No one was shouting that this was a moment for increasing pressure, not for diplomacy. “Senior officials” were not warning that Iran would exploit the talks to stall until reaching a nuclear point of no return or until it rebuilt the air defenses Israel wiped out last year.

Why wasn't anyone making these arguments to Trump?

Neither Netanyahu nor anyone around him was making these arguments. Why not? Because Trump, through numerous actions since taking office in January, has proven himself a stalwart supporter.

But that support comes with a cost. In this case, the price is a loss of some autonomy. Given everything Trump has done for Israel, it is now politically unthinkable for Jerusalem to say “no” to this president.

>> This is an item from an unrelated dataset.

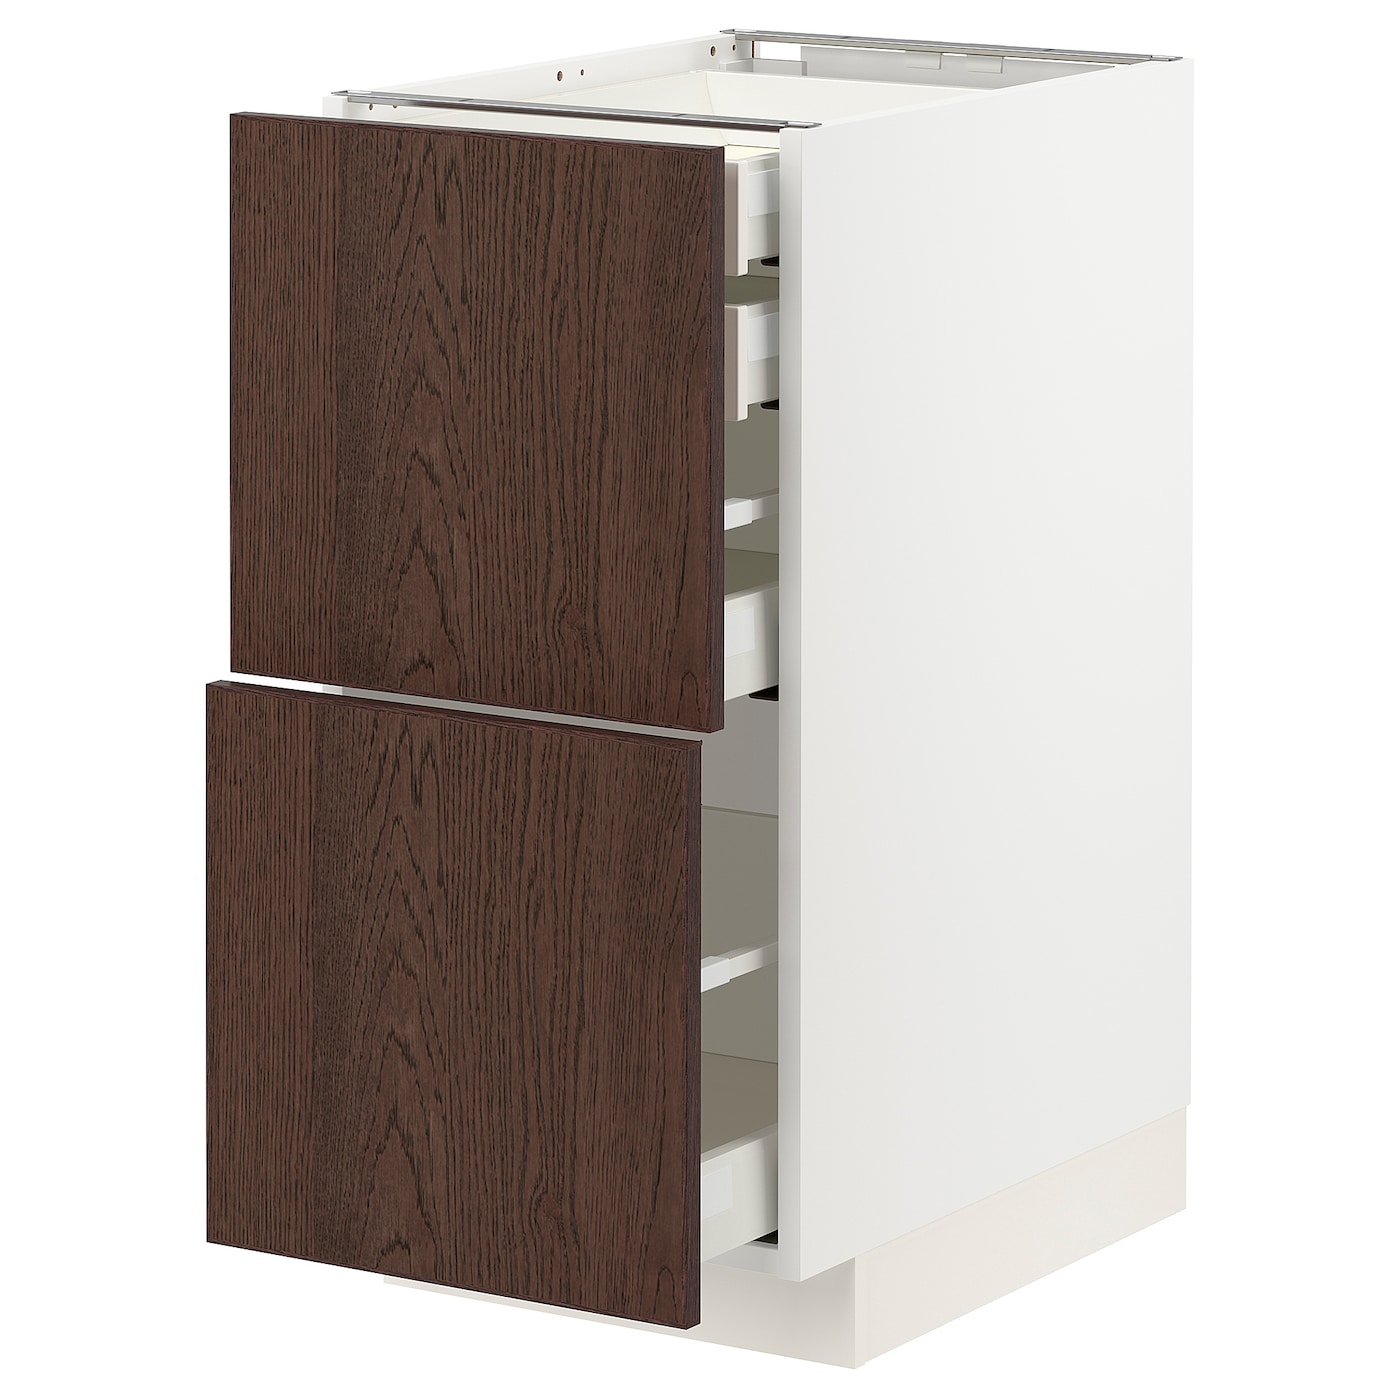 Напольный кухонный шкаф  - IKEA METOD MAXIMERA, 88x61,6x40см, белый/коричневый, МЕТОД МАКСИМЕРА ИКЕА

Had Obama or former president Joe Biden announced direct talks with Iran, Netanyahu and his allies would have slammed the move. But not with Trump – a reminder that even the warmest friendships come with strings attached. In this case, that string is an inability to object.

Compounding the situation is that unlike during much of the Obama years when Republicans controlled the House, Senate, or both and served as a counterweight to Democratic control of the presidency, today, Republicans hold both the White House and Congress. Netanyahu cannot go around the president’s back to allies in Congress to try and overturn any of Trump’s policies as he did with Obama because Republicans control both the presidency and the legislature.

A new reality was on display in the Oval Office on Monday: unreserved friendship from the president for Israel but a friendship that comes at the cost of a degree of independence.

Under Obama, Netanyahu pushed back – publicly, loudly, repeatedly. Under Trump, that pushback is gone, and that silence is telling. There are tremendous benefits to having a strongly supportive president in Washington. But those benefits come with a price: less room to dissent and less space for Israel to assert its own redlines when they diverge from Washington’s.